Закрываю глаза, а сам молюсь, чтобы не нашлось никого другого, вот так же следящего за ее окнами. Одна мысль о подобном, вызывает отвращение, а я прихожу в себя. Однако не нахожу сил уйти прочь.

Не могу, потому и стою, как идиот, каждый вечер перед сном у окон, наблюдая за ее жизнью. Да и с утра умом я мало отличаюсь. Делаю то же, и слежу за окнами напротив.

За ней…

Вера поднимается с дивана, а потянувшись, идет в сторону кухни. На ней снова блузка и та, проклятая, юбка. Она в точности повторяет все, что я успел увидеть без одежды. Это приводит в состояние, близкое к голоду. Окна ее апат *(квартиры) широкие, я могу видеть даже то, как она наливает в электрочайник воду. Тонкие пальцы обхватывают его ручку, а я сглатываю комок в горле, потому что чувствую, как напряжение давит, а в паху саднит. Черт. Это дикость какая-то, хотеть женщину так, чтобы, как одержимый паяц, каждый вечер наблюдать за ней через окна. Следить за каждым ее движением, впитывать, как губка, выражение нежного лица, в попытке понять, о чем она думает.

Вера садится за стол, ставит перед собой ужин, но почему-то замирает. Сжимаю оконную раму крепче, замечая странность. Она плачет? Резко открываю дверь на террасу, в каком-то дурацком порыве, потому что женщина не просто плачет. Вера рыдает. Положив голову на свои руки на столе, она надрывно дышит, пытаясь унять слезы. Глупое возбуждение исчезает. Оно покидает тело, уходя вслед за напряжением. Однако ему на смену приходит другое чувство. И оно настолько явственно, что ноги наливаются свинцом, а я готов броситься немедленно из номера, спуститься вниз и отыскать ее дверь.

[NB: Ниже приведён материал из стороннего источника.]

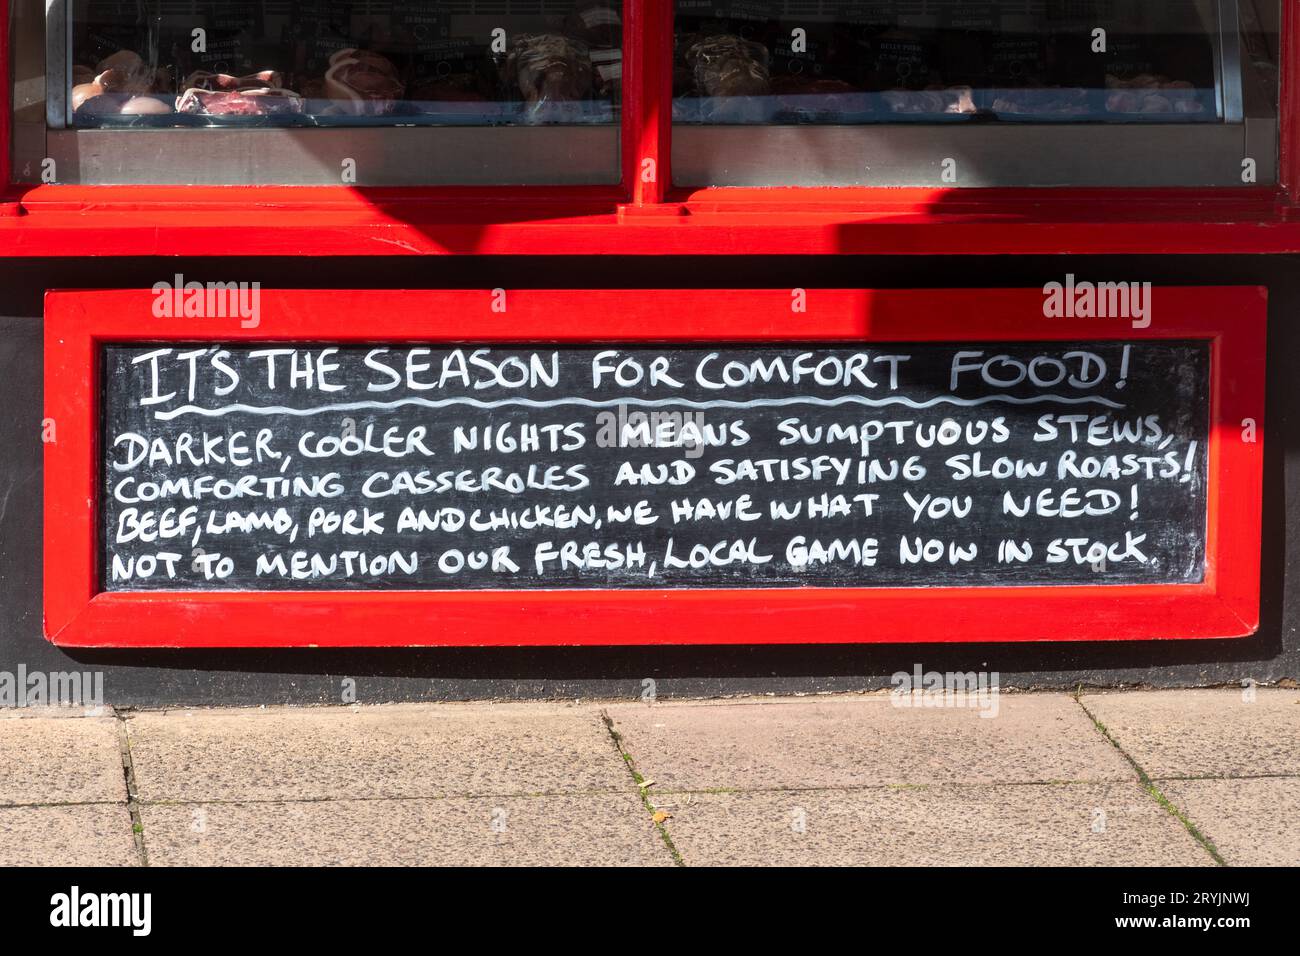 Sign in butchers shop 'Its the season for comfort food' promoting stews, casseroles, roasts, meats for cooler weather in autumn, England, UK Stock Photo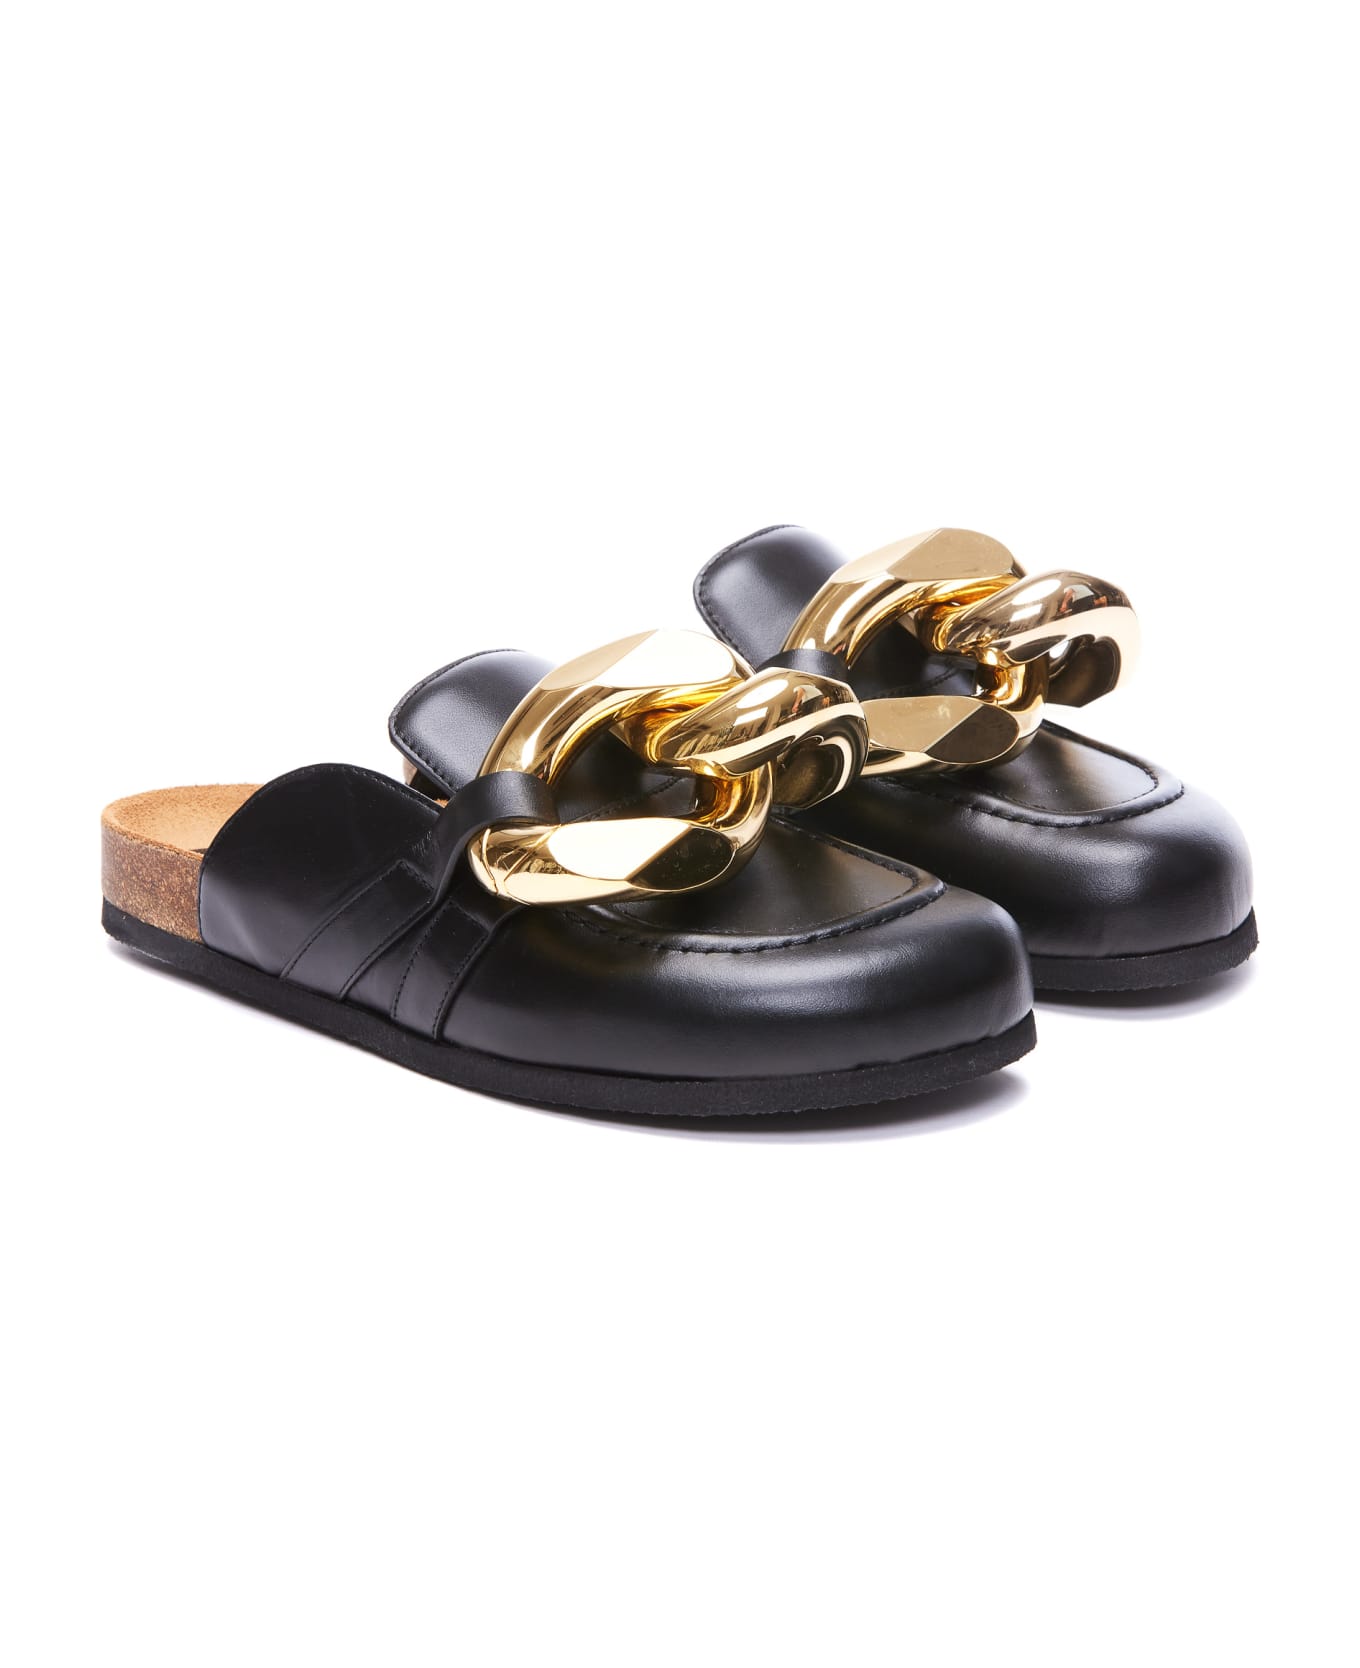 J.W. Anderson Chain Loafers - Black サンダル

Дурак. Стискиваю зубы, а кулаки сжимаю инстинктивно. Она чужая, я ее не знаю, и не понимаю причин того, почему она плачет. Вера даже имени моего не знает. Так почему должна открыть дверь, или позволить себя утешить? Небо, я идиот. Я помешался, и, зная об этом, не ищу способа успокоиться. Я мог бы просто трахнуть Сару, унять гормоны, воспользоваться ее прямым намеком. Но нет же. Я занимаюсь мазохизмом с той самой минуты, как увидел это совершенство.

Иного эпитета для описания Веры, я не могу найти никак. Все на что смотрю даже сейчас, когда она подняла голову, спешно вытирая слезы с опухших и покрасневших глаз, — все это совершенно, идеально и красиво. Даже то, как шмыгнув носом, она небрежно вытирает его тыльной стороной ладони, как ребенок.

Я не могу насытиться этой картиной… Не могу.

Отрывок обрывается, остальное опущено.